Recorded information:
######

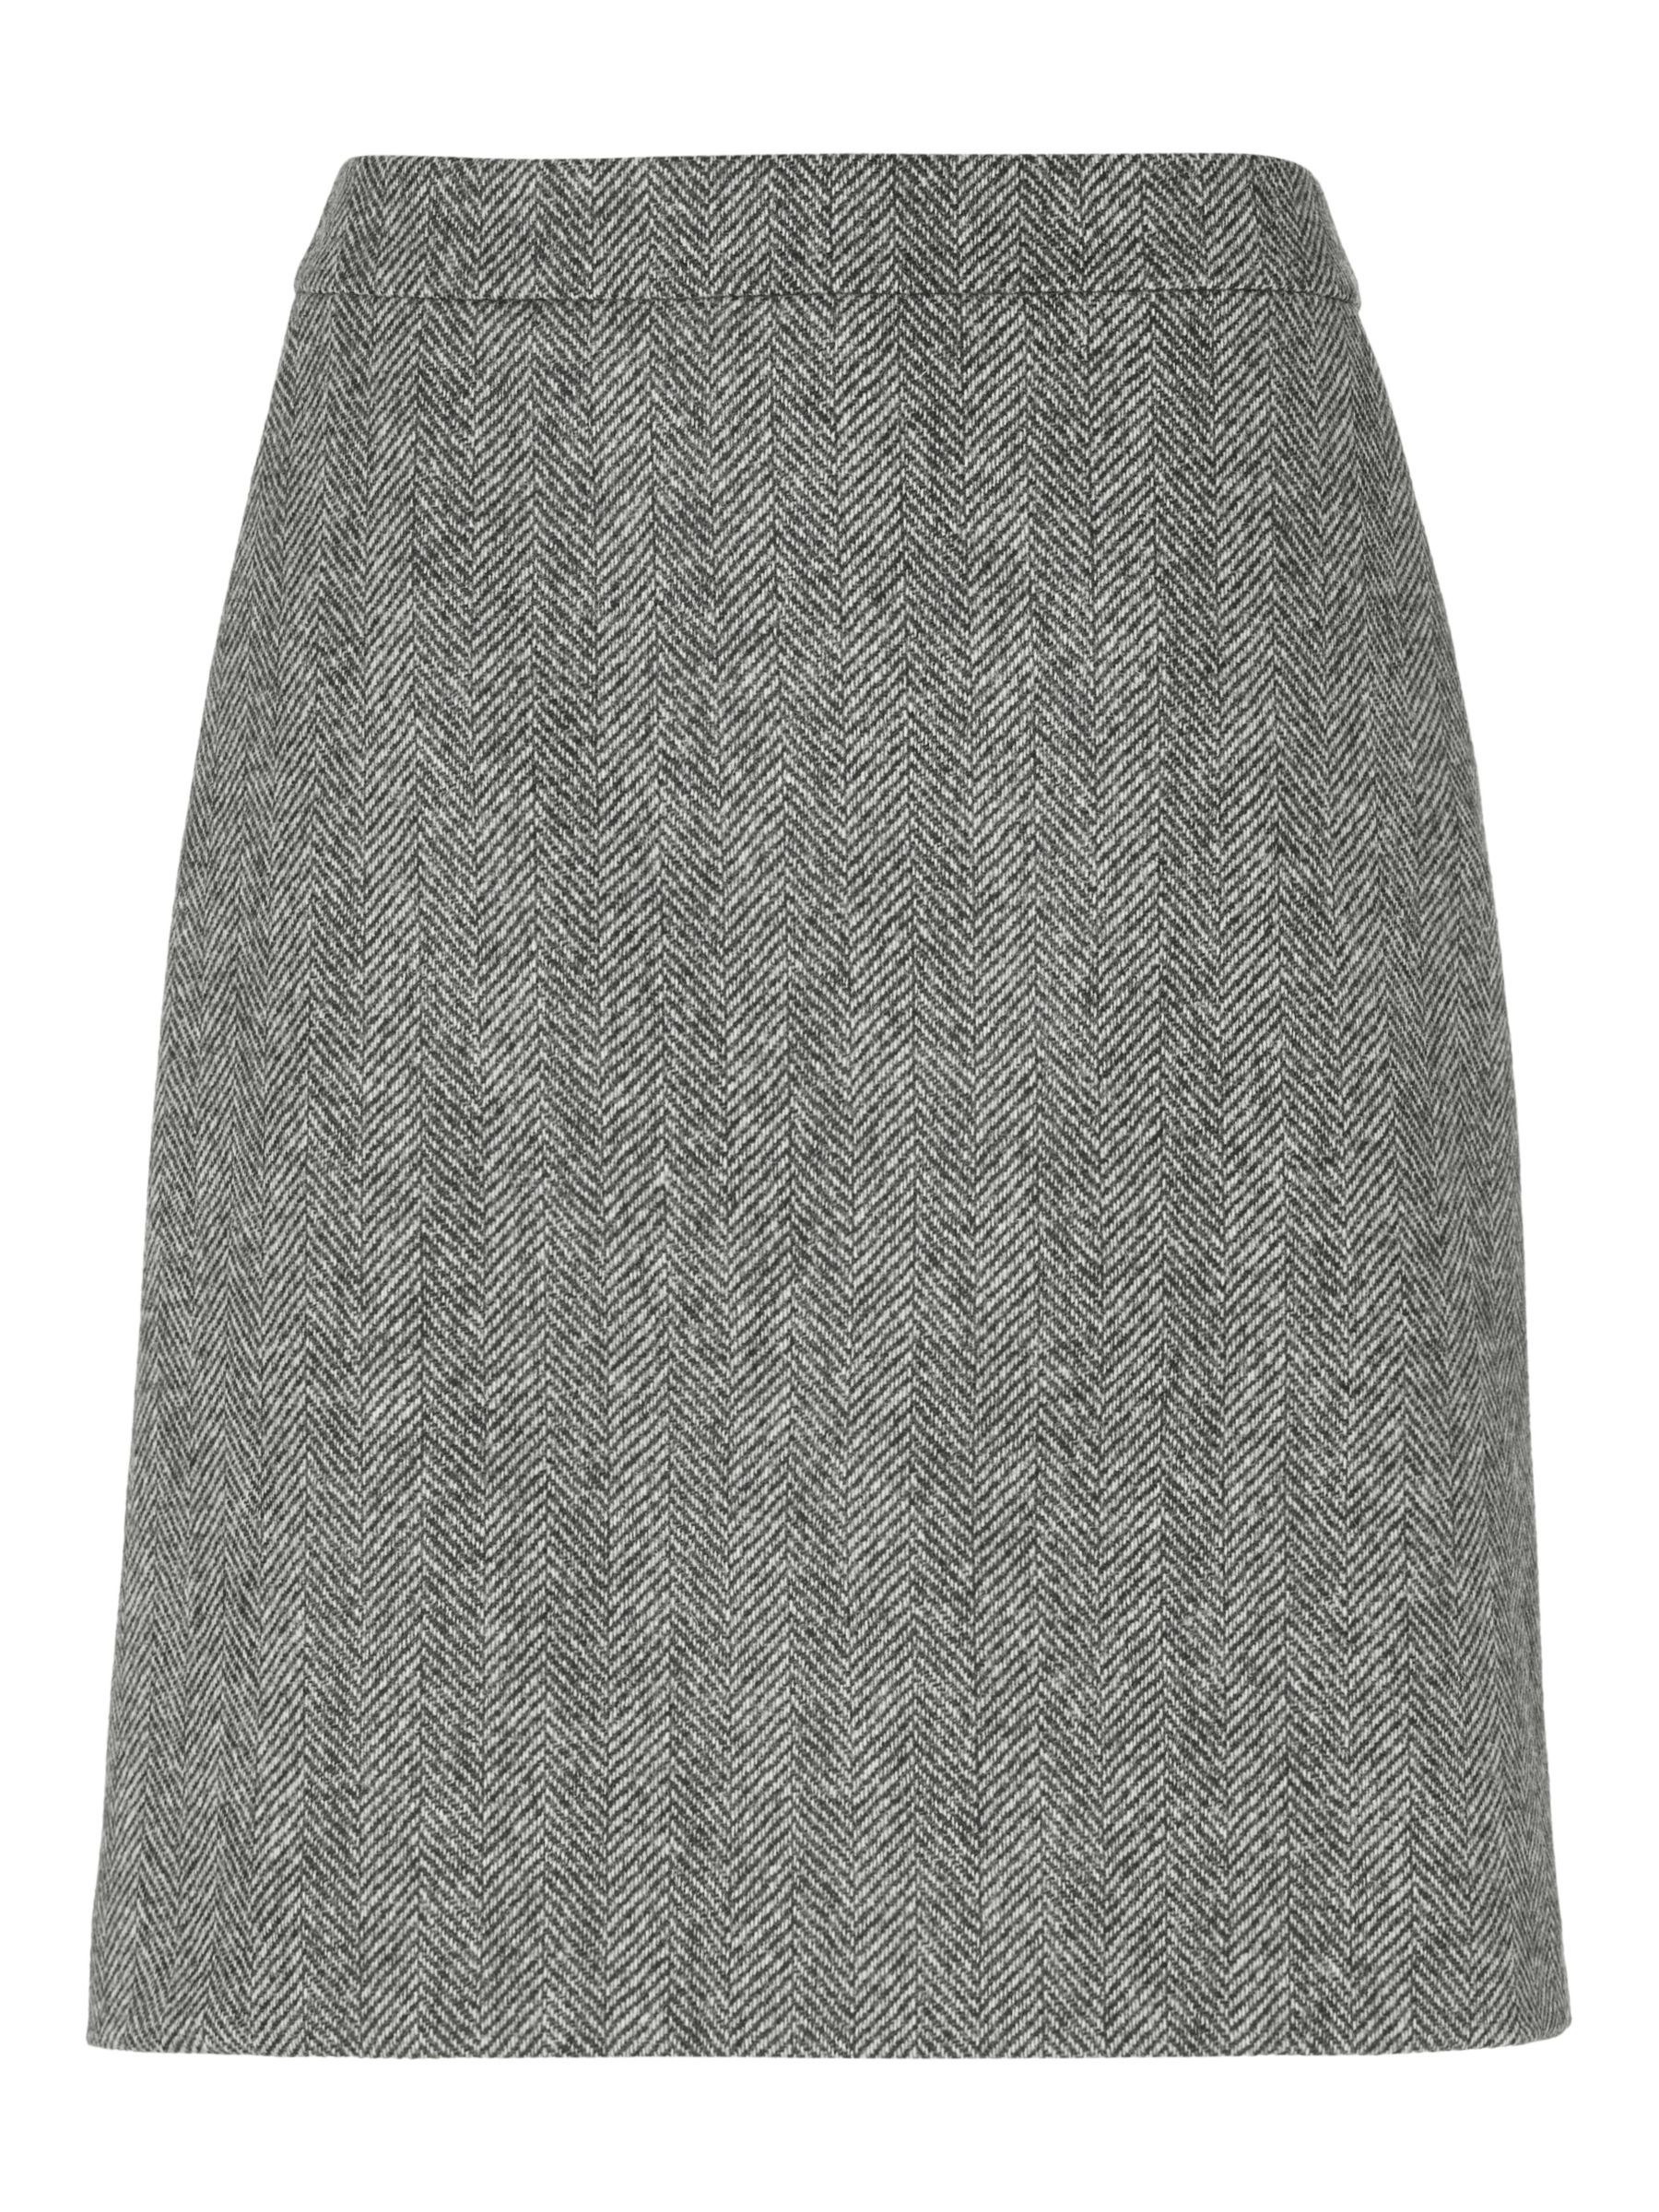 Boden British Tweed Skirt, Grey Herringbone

######

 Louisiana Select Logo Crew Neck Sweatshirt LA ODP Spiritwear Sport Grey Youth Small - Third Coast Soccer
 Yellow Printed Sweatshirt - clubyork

######

Activity: Reproduce only the lines above spanning from the line containing "Louisiana Select Logo" through the line containing "Yellow Printed Sweatshirt - clubyork", word for word.

Finished exercise:
 Louisiana Select Logo Crew Neck Sweatshirt LA ODP Spiritwear Sport Grey Youth Small - Third Coast Soccer
 Yellow Printed Sweatshirt - clubyork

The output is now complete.